Я облачился в дождевик, но с неба лило так, что вода стала проникать под него, к тому же в нем было жарко, и я вспотел. Я обратил внимание, что никто из команды Вуди не надел дождевиков: они занимались своими делами, промокнув до нитки и сохраняя веселый вид.
– Снимите его, – сказал мне Вуди. – Лучше отказаться от этого раз и навсегда. Поверьте мне: когда вы промокнете, вам будет вполне удобно.
Стоило мне снять плащ, как я тут же промок… и обнаружил, что Вуди прав.

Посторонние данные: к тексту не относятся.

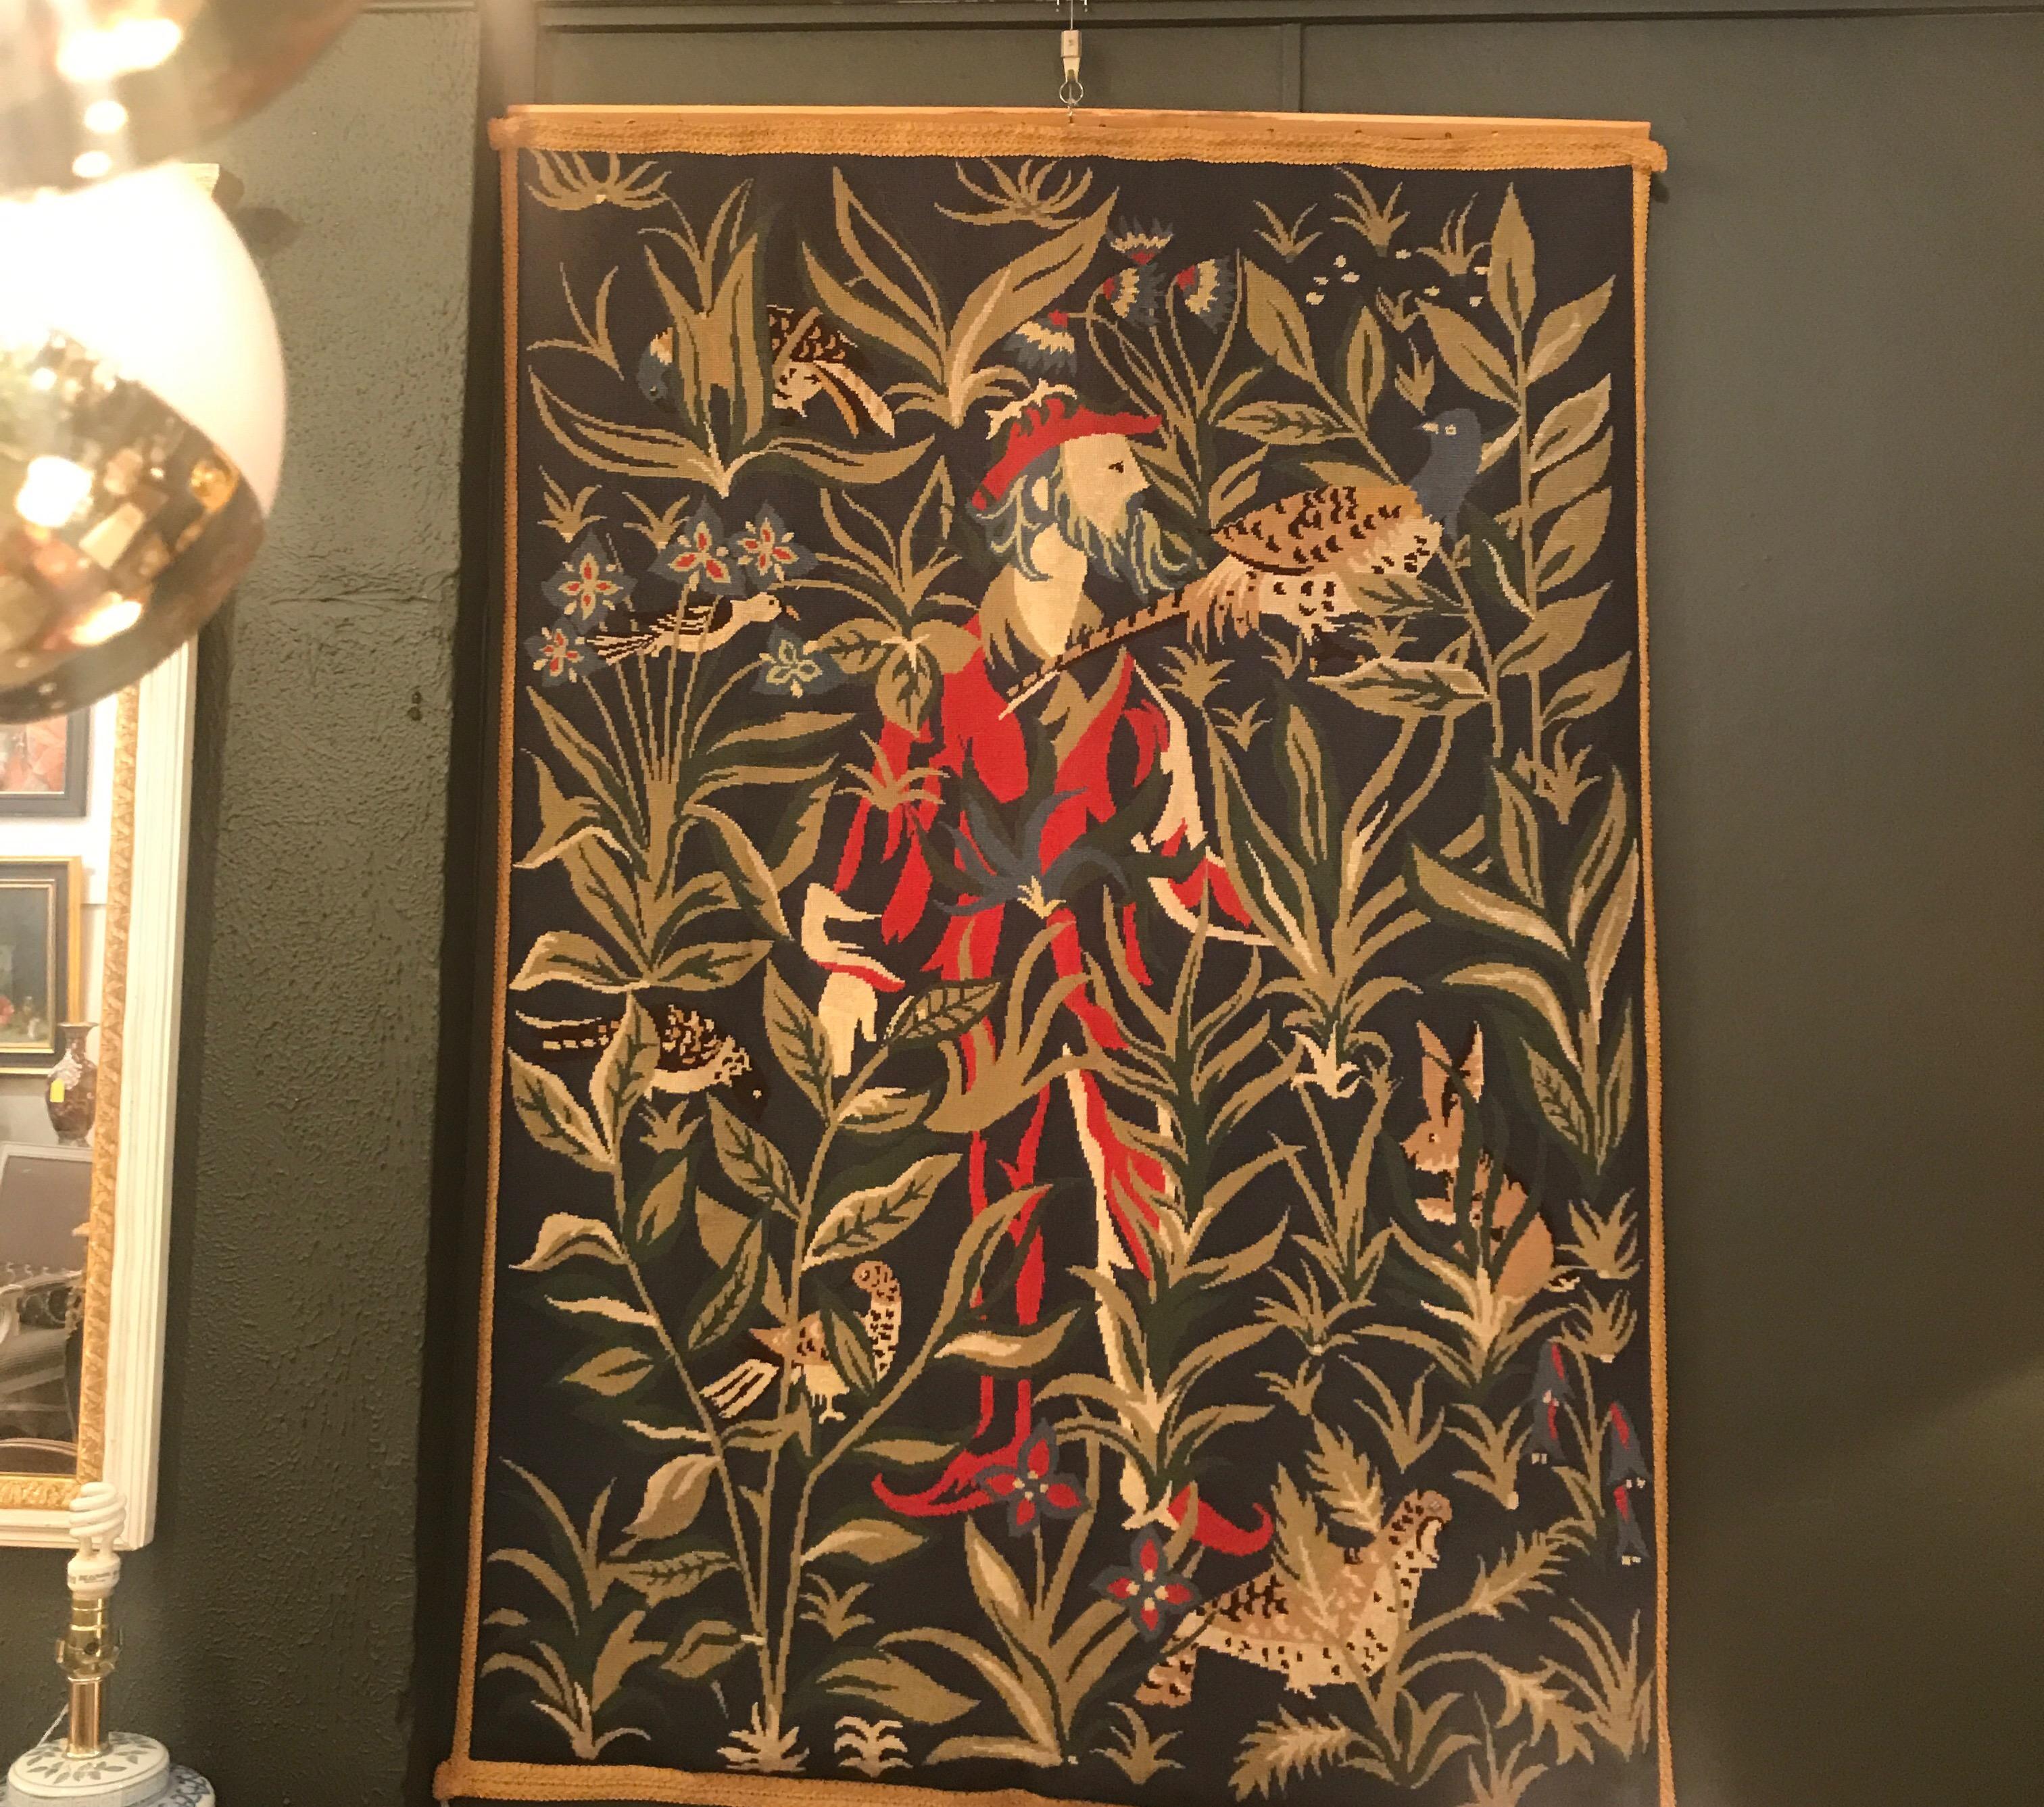 A hand embroidered wool tapestry with lining. The tapestry depicting a medieval figure surrounded by foliage with birds and small woodland creatures. The silk lining neatly stitched entirely by hand. All wool yarn.

После завтрака члены экспедиции в полном составе собрались на берегу реки, под непрекращающимся дождем и отправились во второй поход. Стив Элкинс, несмотря на больную ногу, присоединился к нам, опираясь на синюю инвалидную трость. Пришли и Алисия Гонзалес с Анной Коэн. Мы перебрались на другой берег и пошли по дороге, расчищенной вчера. Добравшись до второго заиленного канала, Алисия попыталась перейти на другую сторону, но застряла, и ее, к нашему ужасу, стало засасывать.
– Не могу пошевелиться, – сказала она с удивительным спокойствием, хотя ее продолжало засасывать. – Совсем не могу шевелить ногами. Меня засасывает. Да-да, ребята, засасывает.
Алисия погрузилась в канал уже по пояс, и, по мере того как она пыталась выбраться, вокруг нее бурлило все сильнее. Это напоминало сцену из дешевого фильма ужасов. Вуди и Салли поспешили к ней, ухватили за руки и медленно вытащили. Когда покрытая грязью Алисия оказалась в безопасности, на твердой земле, стало ясно, что произошло: она начала переходить через канал, грязь заполнила противозмеиные гетры, и получилось что-то вроде залитых цементом сапог, которые неумолимо тащили ее вниз при каждом движении. Позднее она сообщила: «Я уже думала, что буду пить чай со змеями».
А вот Элкинс без особого труда преодолел заполненный грязью канал, удерживая равновесие с помощью своей палки. Потом он взобрался по скользкому валу, цепляясь за корни и стволы небольших деревьев.
– Завтра мы закрепим здесь веревки, – сказал Салли.
Когда мы подошли к основанию пирамиды, из-за реки донеслись счастливые крики и пение. Салли вызвал по рации Спада, оставшегося в лагере, и тот сообщил ему, что солдаты гондурасских сил специального назначения, выделенные для охраны нашей экспедиции, прибыли в хорошем настроении, совершив пеший переход от места слияния рек. Кроме оружия и одежды, у них ничего не было. Они собирались разбить лагерь рядом с нашим и жить тем, что дает лес: сооружать жилища из палок и листьев, еду добывать с помощью охоты, а воду брать из реки.
– Дай им брезент, – велел Салли. – И еще таблетки для очистки воды. Мне не нужна шайка солдат, страдающих поносом, рядом с нашим лагерем.
Когда мы добрались до алтарных камней, Элкинс опустился на колени и начал удалять с них листья и грязь, дотрагиваясь до резной поверхности. По поверхности одного из них проходила необыкновенная кварцевая жила: возникало впечатление, что камень специально обтесали, желая сделать жилу более заметной. Она указывала строго на север. Элкинс счел, что это крайне важно, а кто-то другой предположил, что, возможно, канавку проделали для отвода крови человеческих жертв. Крис закатил глаза.
– Давайте держать себя в рамках и не строить необоснованных измышлений. Мы понятия не имеем, что это такое – фундамент, алтарные камни или что-то совсем другое.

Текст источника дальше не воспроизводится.